Activity 6.1 Monocular Depth Cues
When you look at the photograph at left (of the Hawthorne Bridge crossing the Willamette River in Portland, Oregon), you get a compelling sense of depth—a sense that the various objects in the picture are at different distances from you—despite the fact that you’re really just looking at an array of light specks on your computer monitor, all of which are exactly the same distance from your eyes.
We infer object distances in photos using pictorial depth cues. Like the Gestalt principles we learned about in Chapter 4, no single depth cue is always available or always reliable, but by combining multiple pictorial cues, we are usually able to parse depth relations pretty well. We’ll cover seven pictorial cues in this activity: occlusion, relative size, familiar size, relative height, texture gradients, linear perspective, and aerial perspective.
The pictorial depth cues are a subset of our collection of monocular depth cues: cues that we need only one eye to use. The other two monocular cues we’ll cover in this activity are motion parallax and accommodation/convergence.
The other major depth cue, stereopsis, is binocular (you need both eyes to use it). Binocular vision and stereopsis will be the subject of the other three activities in this chapter.
Click on the image links within the text of each page to see all images. The first time you do this activity, you should probably go through the parts in order from top to bottom.
Occlusion is probably the most pervasive and most reliable of all the depth cues. It is also perhaps the simplest: If part of object A is covering part of object B, A is almost certainly closer to you than B. In Image 1, we perceive the bicycle to be in front of the railing because the bicycle’s parts cover the railing’s metal tubes.
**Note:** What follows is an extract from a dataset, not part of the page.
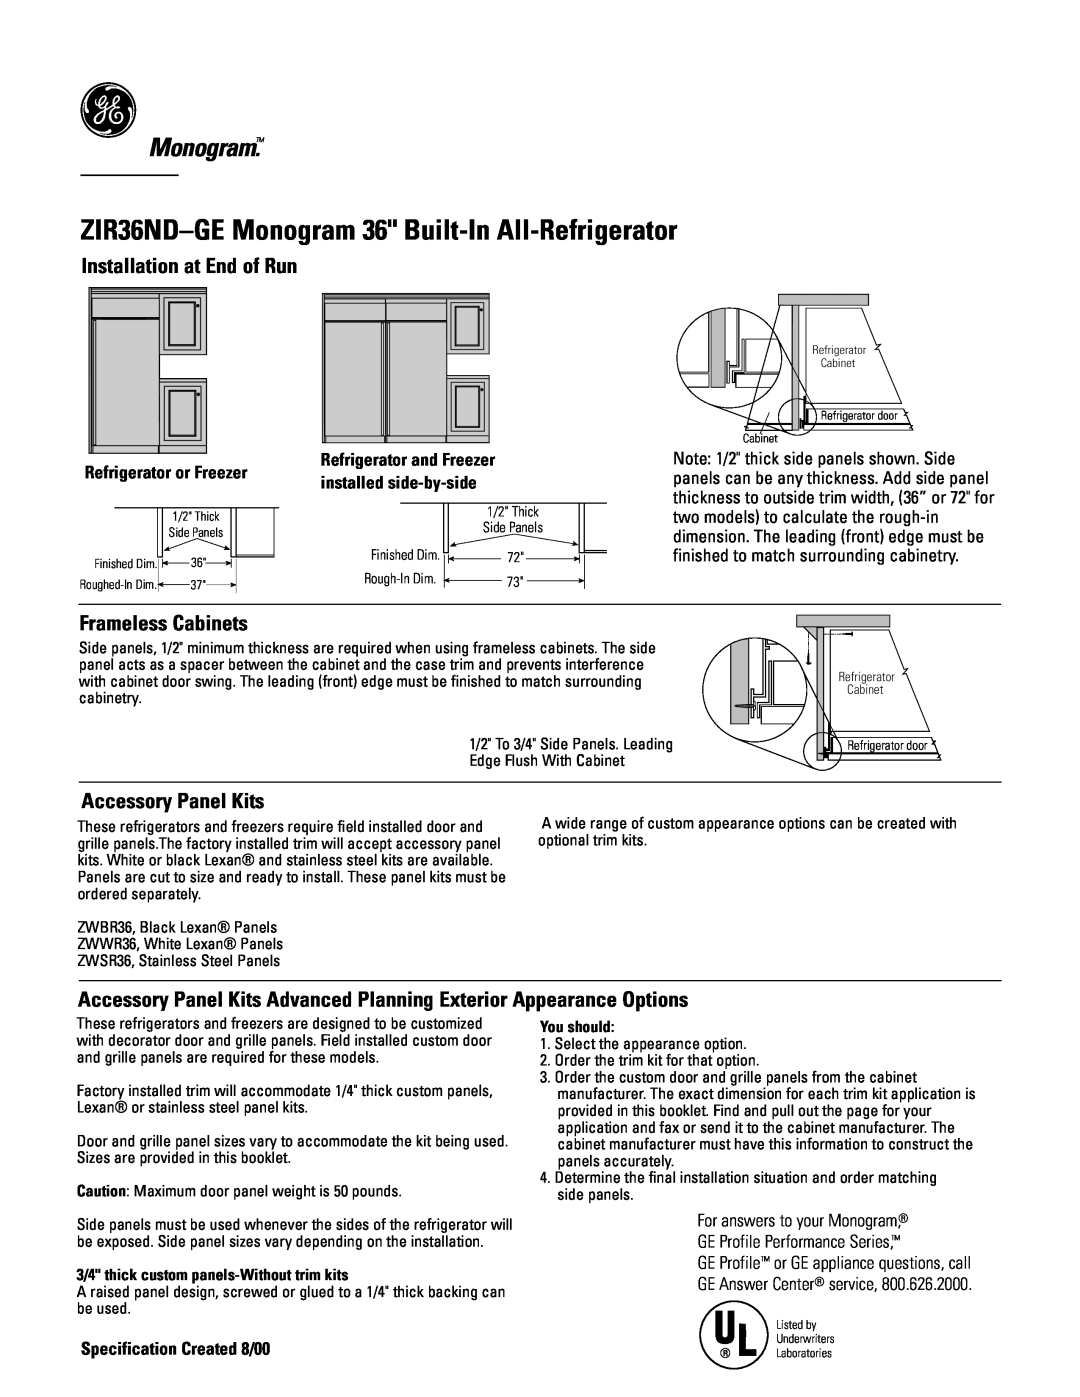 GE Monogram ZIR36NDGE ZIR36ND-GEMonogram 36 Built-In All-Refrigerator, Installation at End of Run, Frameless Cabinets

Image 2 shows another example in a more complex scene, a cityscape from Boston, Massachusetts. Here we perceive two clusters of tall buildings in the distance, one on the left and one on the right. In each cluster, one building is clearly perceived to be behind the rest because of occlusion: The John Hancock building on the left and the Prudential building on the right. Image 3 highlights the occlusion relations, and makes it clear that we also perceive the trees as being closer to us than the skyscrapers because they occlude the buildings.
Image 4 shows the Portland street scene again. Can you identify the places in the scene where occlusion allows us to disambiguate the depth relations? Image 5 highlights some of them.
Relative Size and Familiar Size
Remember the distance-to-object size to retinal-size relationship discussed back in the Chapter 3 activity on Visual Angle? We learned that visual angle is proportional to object size divided by distance from the observer. Thus, after doing a little reshuffling of the formula, we can determine that the distance from an object to our eyeball is proportional to the object’s size divided by its retinal size (Image 1).
One consequence of this relationship is that the farther away an object is, the smaller it appears on the retina. Furthermore, if there are two of the same type of object present in the scene you’re looking at, the object whose retinal image size is smallest must be farthest away (and vice-versa: the object with the largest retinal image must be closest). Thus, in Image 2, the disembodied eyeball knows that the red flower is farther away than the purple flower because the red flower projects a smaller retinal image.
This monocular depth cue, called relative size, is quite effective because it turns out that in many real-world visual scenes, we see multiple objects that can be assumed to be about the same size. For example, in Image 3, one of the ways we know that the statue in the center of the photo is closer than the three statues on the left because the central statue’s retinal image is much larger.
As its name implies, the relative size cue tells us how far away different objects are relative to each other, but it can’t, on its own, tell us exactly how far away any of the objects are. However, if we know how big an object really is, our brains can solve the distance-equals-object-size-divided-by-relative-size relationship to determine absolute distances. In this case we are using the familiar size depth cue.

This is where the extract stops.